Abstract

Introduction: Brugada syndrome (BrS) and idiopathic ventricular fibrillation (VF) associated with infero-lateral early repolarization patterns (early repolarization syndrome (ERS)) are termed “J-wave syndromes”. In such patients, an implantable cardioverter-defibrillator (ICD) is first-line therapy for prevention of sudden cardiac death. However, frequent ICD shocks due to recurrent VF remain serious problems. We investigated if combination therapy using cilostazol and bepridil could suppress recurrent VF. Methods: Our cohort comprised 22 consecutive patients (BrS, 16; ERS, 3; unknown, 3) with J-wave syndromes in whom ICDs were implanted for spontaneous episodes of VF. We enrolled 7 patients with J-wave syndromes who experienced ICD shocks due to recurrent VF after ICD implantation. At first, cilostazol was instituted. In all subjects, palpitations due to sinus tachycardia caused by cilostazol were symptomatic.
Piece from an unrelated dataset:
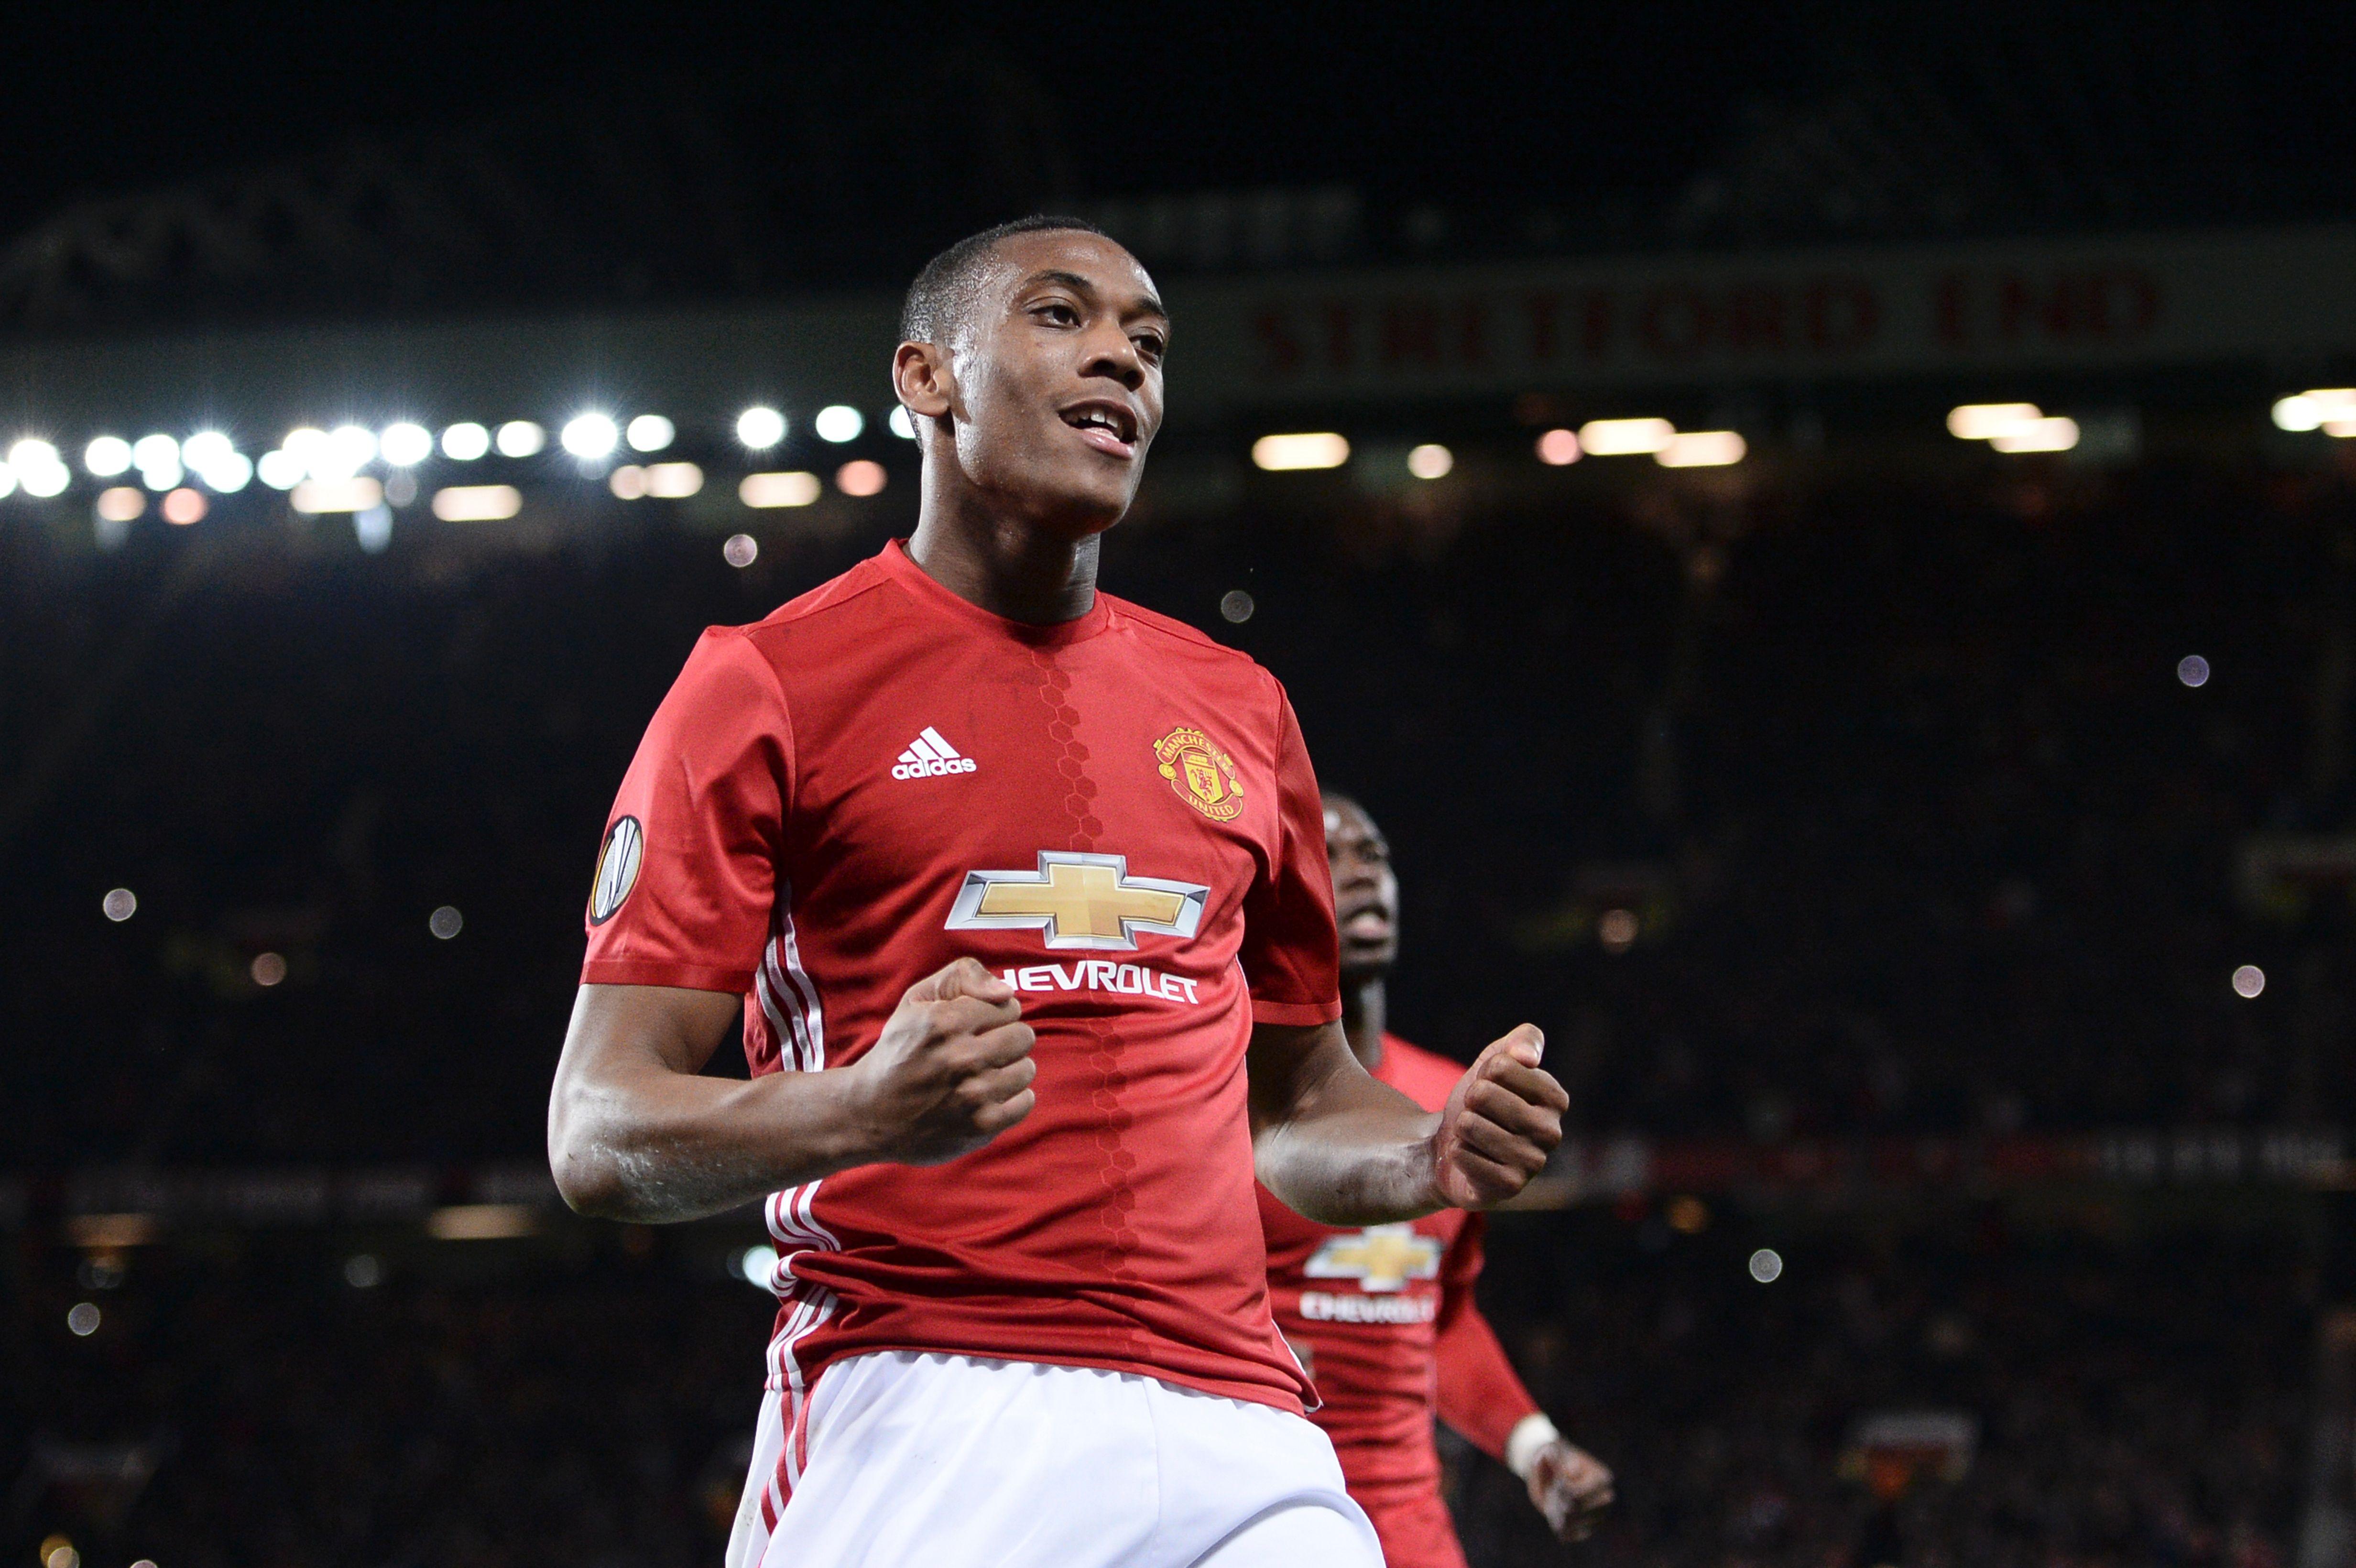 Manchester United's Anthony Martial lacking confidence under Jose Mourinho, says Glenn Hoddle

Addition of bepridil attenuated cilostazol-induced palpitations (87±12 to 66±7 bpm, P<0.01) and maintained the suppressive effect of cilostazol against VF. Results: Prior to the onset of the cilostazol/bepridil combination therapy, all 7 patients had a total of 20 shocks over an accumulated period of 79 months. In contrast, after the onset of therapy, they accumulated a combined follow-up period of 375 months, and during that significantly longer period only one of them received 2 shocks. Three patients underwent replacement of the ICD generator 4-5 years after ICD implantation. Cilostazol was discontinued 2 days before replacement because of its anti-platelet effects. In all 3 patients, temporary discontinuation of cilostazol led to the reappearance of J waves, culminating in VF and an appropriate ICD shock in one of them. J waves disappeared upon re-institution of cilostazol. Conclusions: These data suggest that combination therapy of cilostazol and bepridil may be effective and safe in suppressing VF recurrence in some cases of J-wave syndromes.